Alderman later said she was not trying to influence Bagley or advocate for Stringer, which would be a violation of judicial canons. She was just trying, she said, to “alert Judge Bagley about the situation.”
The Judicial Qualifications Commission, which investigates judges and judicial proceedings in Georgia has declined to comment on whether it is investigating Alderman. JQC investigator Richard Hyde, however, was in the courtroom Wednesday.
Assistant District Attorney James Dunn attempted to portray Stringer in another light when he asked Georgia Department of Corrections probation officer Melodie Wood for Stringer’s response last December when told the discovery was made that he had not served his Forsyth sentence.
“He told me it has [his] understanding that it had all gone away,” Wood said. “He told me that the it was all for show.”

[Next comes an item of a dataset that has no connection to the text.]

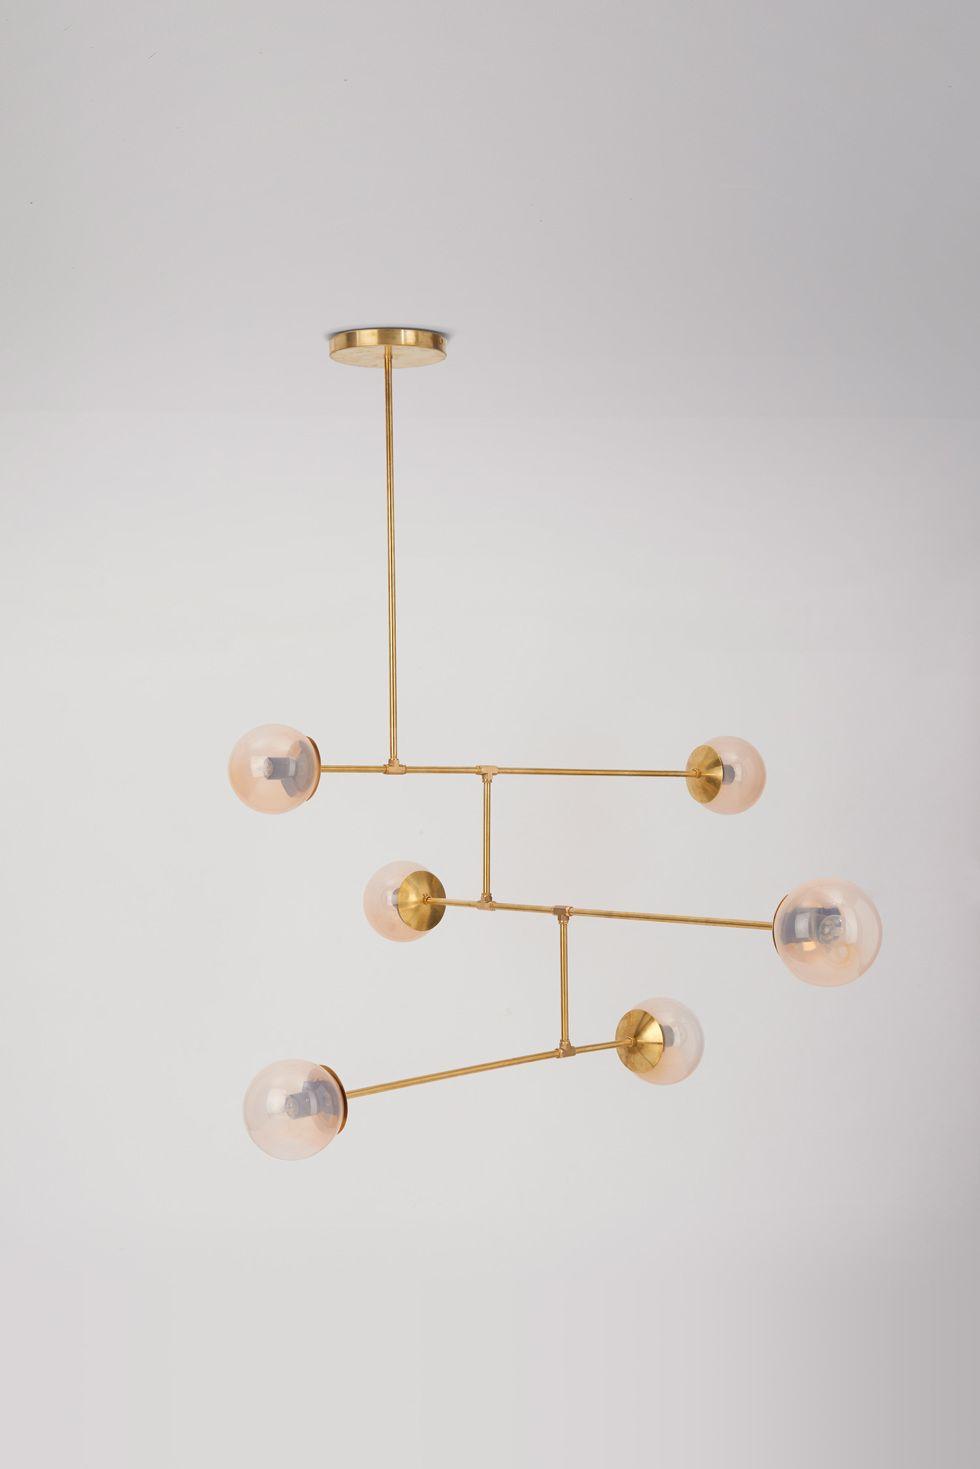 Pin By Kamilah Shaheed On Furniture In 2019 Lighting Lighting Design Douglas Bec
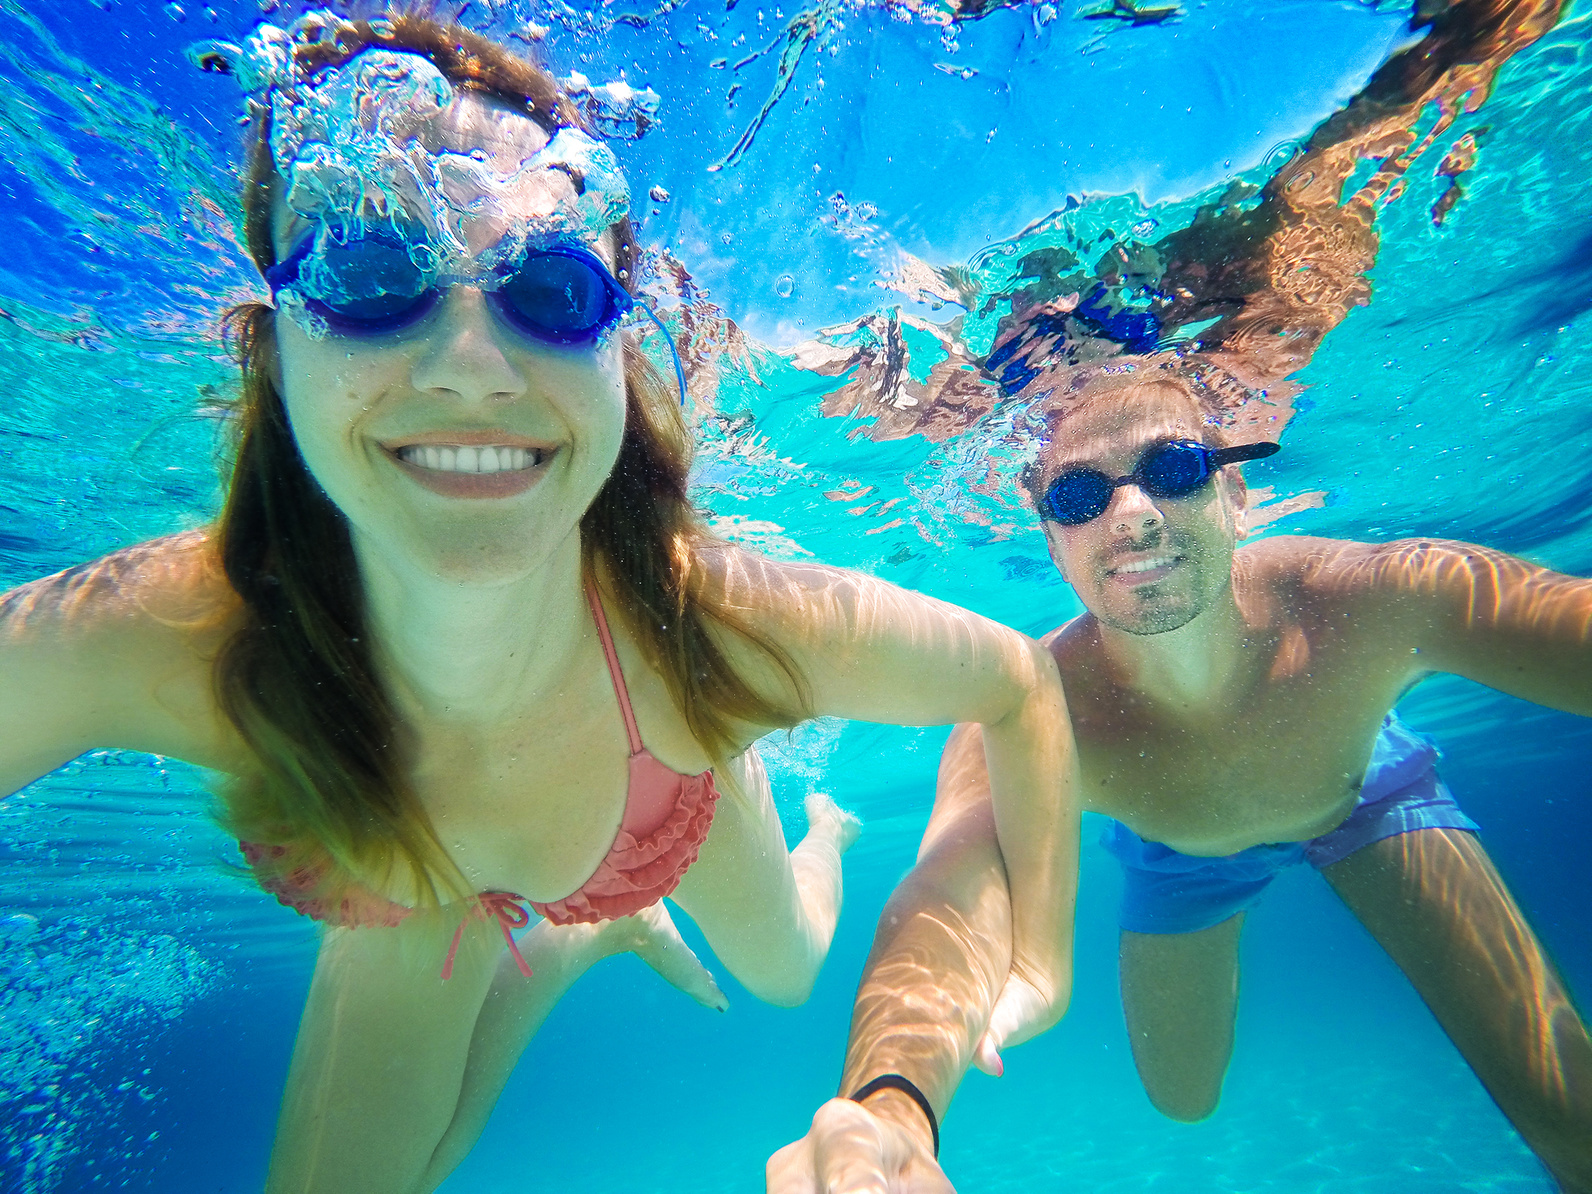 La piscina el mejor gimnasio para mantenerse siempre joven for Ejercicios espalda piscina

Stringer’s attorney, Rafe Banks, repeatedly questioned witnesses over how it was possible that the Department of Corrections didn’t know that Stringer had been sentenced to 12 years in Forsyth County.
He tried to plant the idea with Judge Bagley in his closing argument that maybe it wasn’t a mistake, rather an advised decision by the Board of Pardon and Paroles to release Stringer because he’d served enough time.
Bagley didn’t agree. He also deflected Banks' argument that Bagley had overstepped his authority in sending Stringer back to prison, arguing it was only a decision the Board of Pardons and Paroles can make.
“I do not adopt that argument,” Bagley said. “That’s not something that will carry the day for the defendant.”